> DATA BLOCK
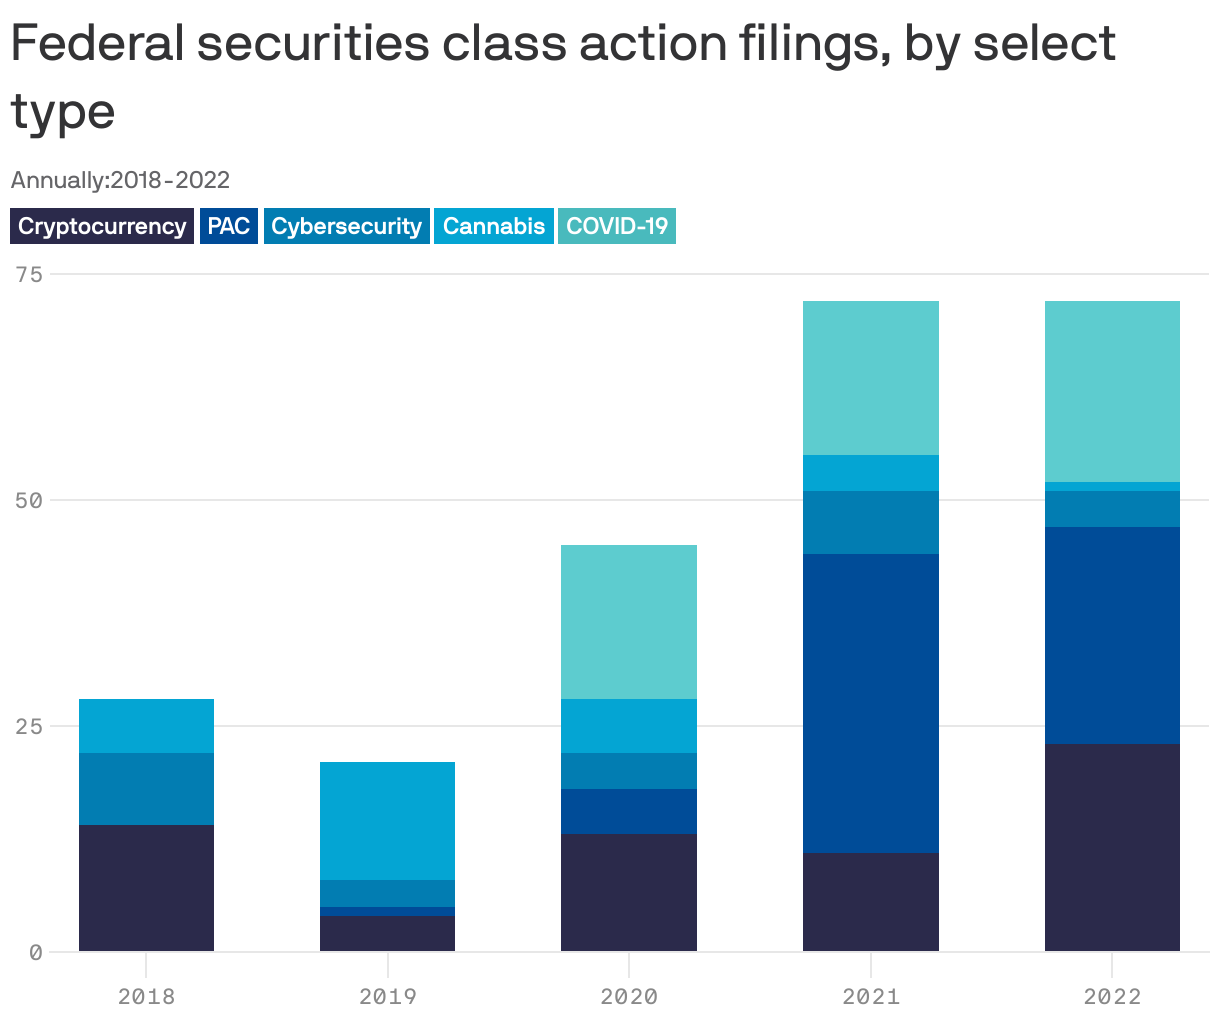 Federal securities class action filings, by select type
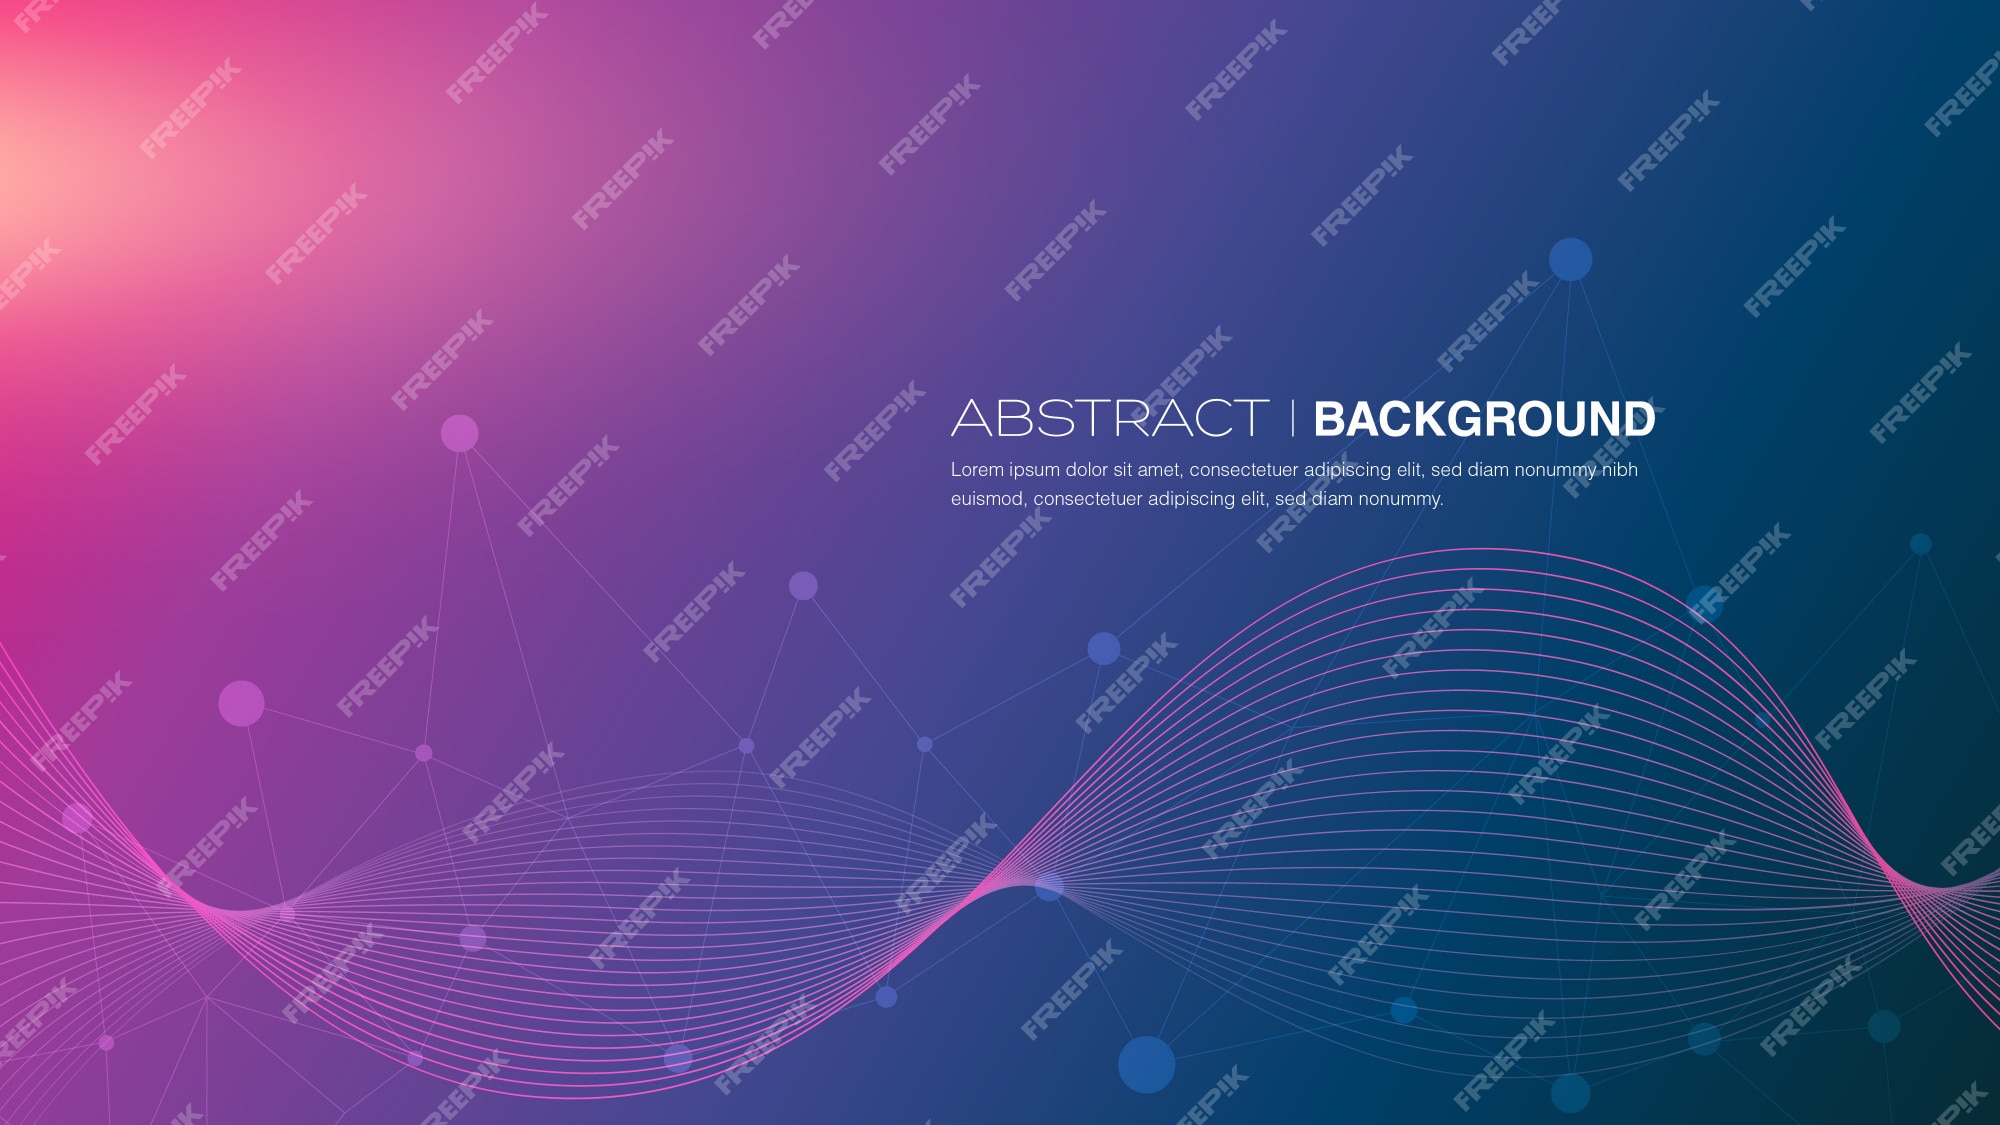 Abstract background Vectors & Illustrations for Free Download | Freepik
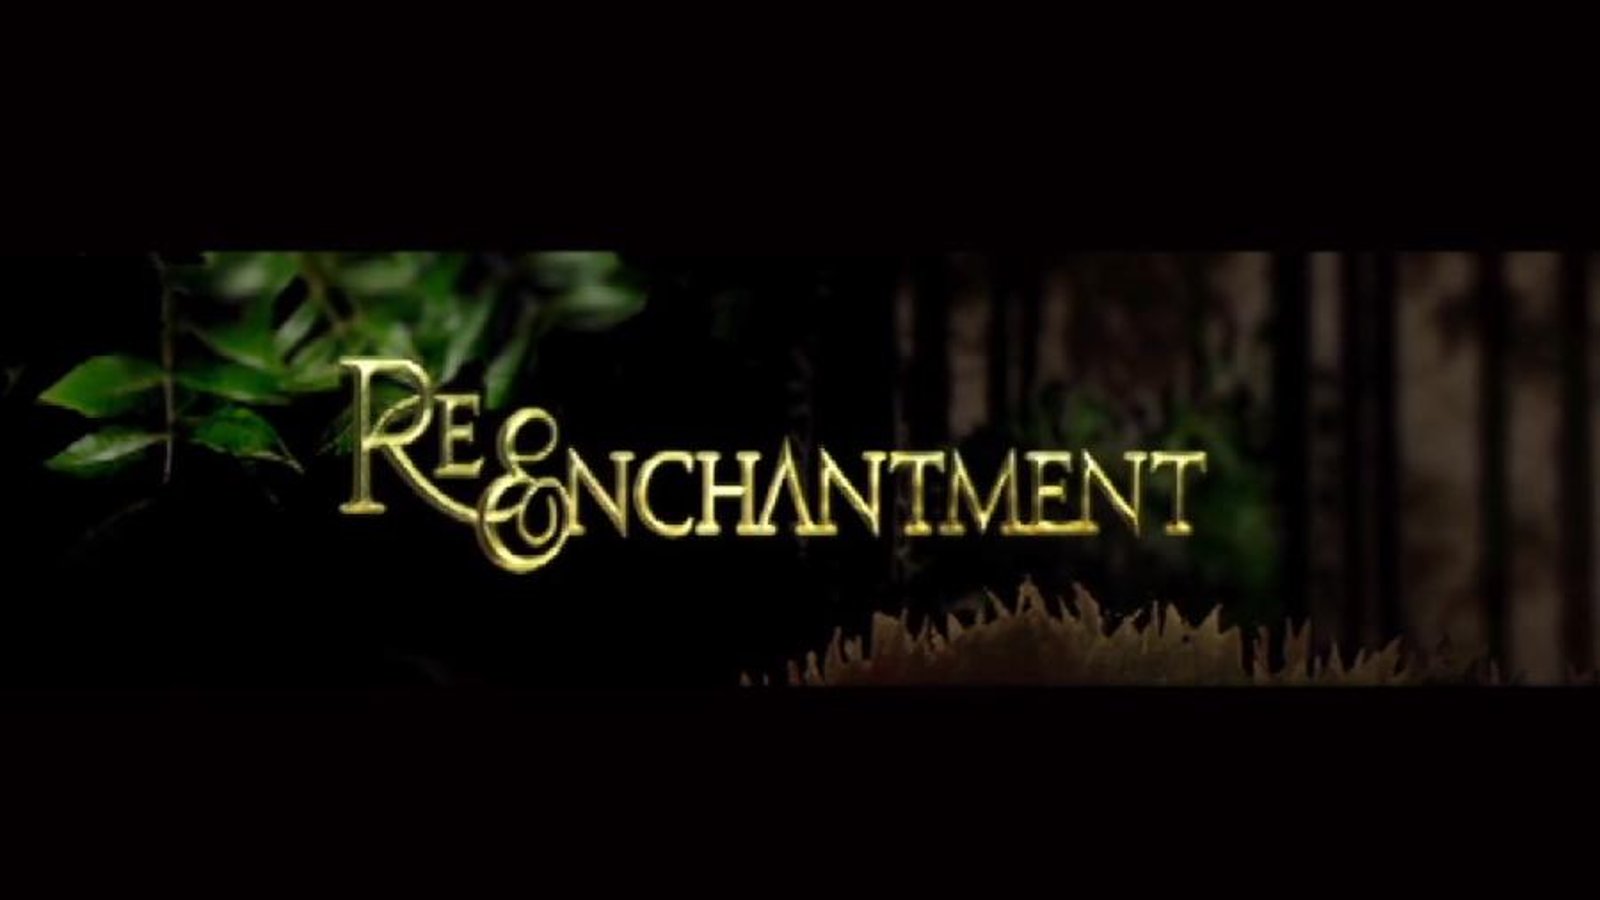 Re-enchantment - The Hidden Meanings of Fairy Tales

> BRIEF
Repeat the whole listing above word for word, but keep any picture out of it.

> RESULT
 Federal securities class action filings, by select type
 Abstract background Vectors & Illustrations for Free Download | Freepik
 Re-enchantment - The Hidden Meanings of Fairy Tales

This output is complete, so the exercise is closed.